# Smoked Cheese For Snowbirds



## BGKYSmoker (Oct 12, 2017)

All the snowbirds will be rollin back in soon. They like apple smoked cheese so i did a few trays.

Kerrygold cheddar and dubliner & 7 alarm.

PJ, Cheddar, Swiss, Jarlsberg and gouda.

Apple smoke via the AMAZN 6" Grenade for 1.5 hours. The jarlsberg and gouda took the smoke fast.


----------



## chopsaw (Oct 12, 2017)

Nice . The 7 alarm sounds interesting .


----------



## pc farmer (Oct 12, 2017)

Looks tasty.


----------



## BGKYSmoker (Oct 12, 2017)

chopsaw said:


> Nice . The 7 alarm sounds interesting .

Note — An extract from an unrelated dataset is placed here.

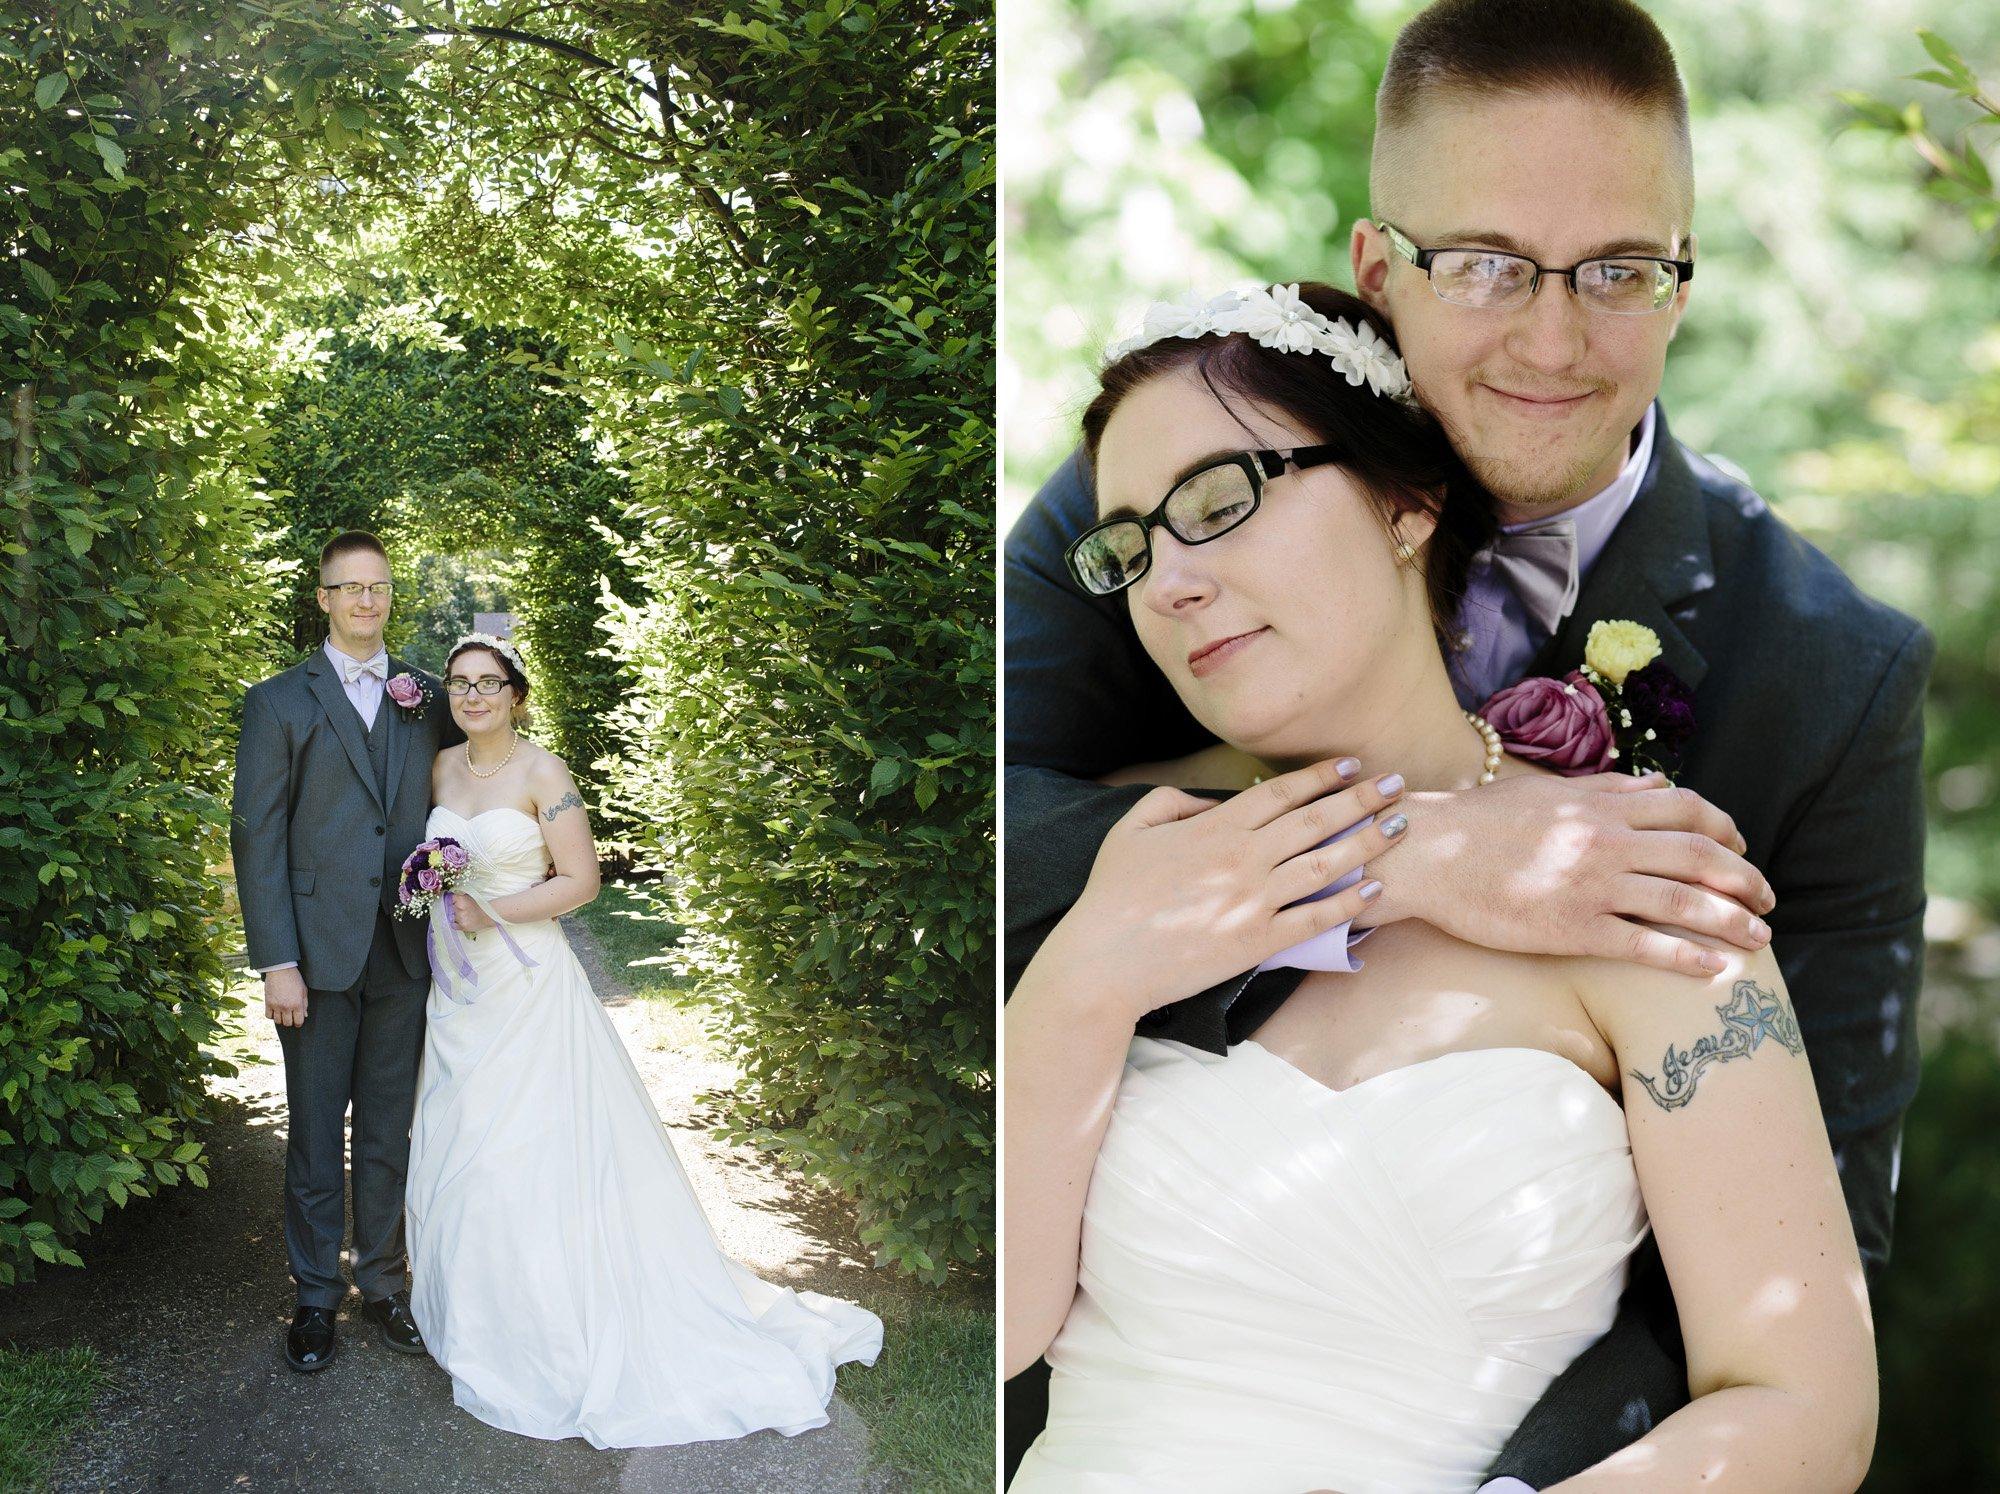 Manito Park Spokane Wedding // Emily Wenzel Photography

The 7 alarm is from Sams club. Might be called 3 alarm even (brain cramp)


----------



## tropics (Oct 12, 2017)

Rick how far do I have to go out of my way,heading to Cape Coral on the 23rd LOL All looks good to me
Richie


----------



## SmokinAl (Oct 13, 2017)

Nice job Rick!
I'm sure your a very popular guy at your resort!
Al


----------



## hardcookin (Oct 13, 2017)

Nice batch of cheese!


----------



## BGKYSmoker (Oct 13, 2017)

tropics said:


> Rick how far do I have to go out of my way,heading to Cape Coral on the 23rd LOL All looks good to me
> Richie


Cape Coral is on the gulf side of the state. I am th east side. Easiest would be go north to SR70 and follow that all the way to my local, bout 3.5 hrs


----------



## nimrod (Oct 16, 2017)

I love Kerrygold cheese. I have only smoked cheese a few times, still to hot out for me to smoke it without melting the cheese.
Craig


----------



## crazymoon (Oct 17, 2017)

N, Nice color on that cheese !


----------



## SonnyE (Dec 19, 2017)

Looks wonderfull!

You answered a 'I wonder..." for me.
I'm going to take a second look at some aluminum stucco screen I have left over. o_O

Also, you should stock wine.


----------